Lì dentro ci agitiamo ancora, spingiamo
di qua e di là le nostre volontà
ma incapaci, così fusi, di crearci vicendevole dolore.
Piuttosto, il movimento testimonia ancora vita,
è accolto dall’amalgama come un solletico
che ridice ciascun nome
e il sollievo di averlo stinto dentro
la fornace che ci ha indeterminato.
Appena nati, e adulti, vulnerati, e ragazzini
dal passo molleggiante, insieme, ognuno condiviso,
con i sé stessi che è stato, con le voci che ha avuto,
con i movimenti che lo hanno guidato,
con i pensieri, anche i più lievi, che lo hanno abitato:
uno strepito instancabile e inudibile
dentro il gomitolo compatto che siamo diventati
per non perdere nessun filo di noi.
E sogno che sia un’aggregazione quieta e lucida e costante,
e sogno che sia una repubblica eterna o almeno
perfettamente sorda alle notizie della morte.
NON SIETE ANDATI DA NESSUNA PARTE
Un uomo scalda l’enigma che lo lima,
una storia di passi e alzate all’alba e cene disertate.
Una neonata al nostro cospetto: una bambina: una ragazza.
Bagni nei fiumi freddi. Pelle eburnea. È sua figlia.
Strappi a sangue nel tessuto
fino a inondarne l’ordito.
Spazi stellari, praterie, boschi floridi di tronchi
giovani, piantati in festa, che vi circondano,
si sbracciano verso voi
in fuga di dimensione. Noi dietro. Costretti
a una corsa convulsa per lande impossibili.
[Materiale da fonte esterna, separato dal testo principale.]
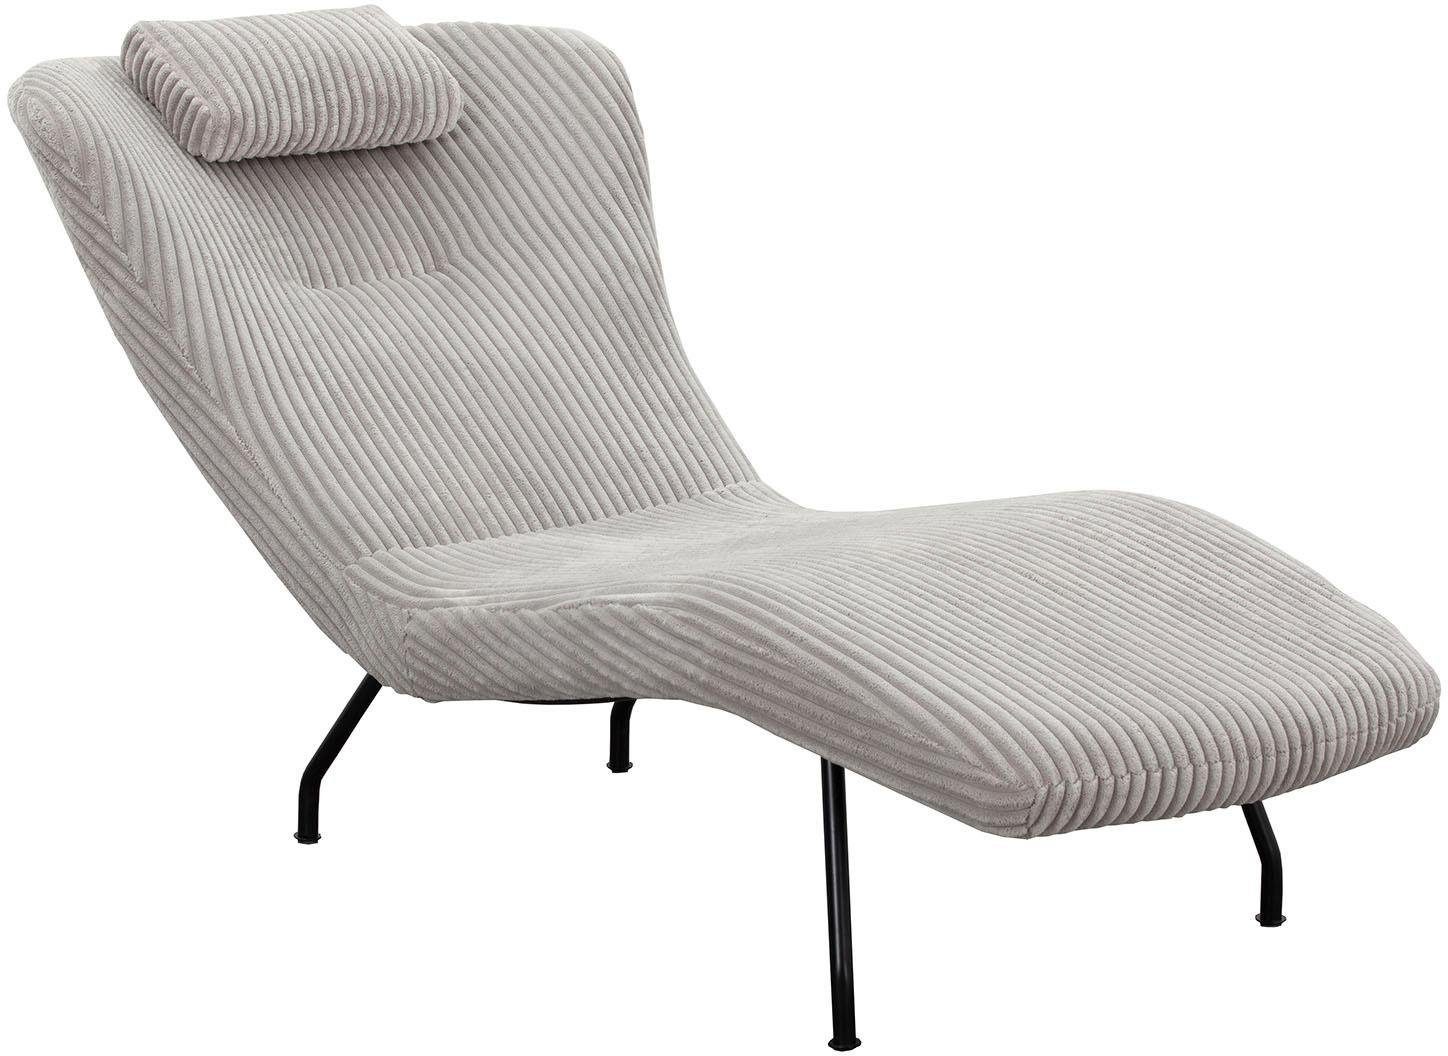 SalesFever Relaxsessel, mit modernem Cord Bezug, gemütliche Relaxliege | Sessel

Insostenibili, restate a strappi, uniti, ombre di folgori,
nella nostra mente invasa, mentre si capovolge.
Ma moniti no: non permettono i vostri
e nostri cenni di convertirvi, così attivi, in moniti.
Moniti, perdurando, no. Storie di passi.
Di orme smarrite e ricalcate. Monumenti no,
finché vi infiltrate nei nostri orditi,
li irrorate di sangue guizzante, li irradiate
di permanenza, di ancora vita senza oltraggi,
silenziosa, scorrevole, interna
come il segreto degli strappi e dei cenni e dei rammendi.
Storie di strade lunghe, di inseguimenti incerti,
orme per sempre fresche, passi delicatissimi
dietro le vostre chiare schiene
finalmente non più gravate,
ma sempre, per rimanere
riconoscibili, un po’ curve.
Le vostre schiene, la vostra andatura, i vostri passi.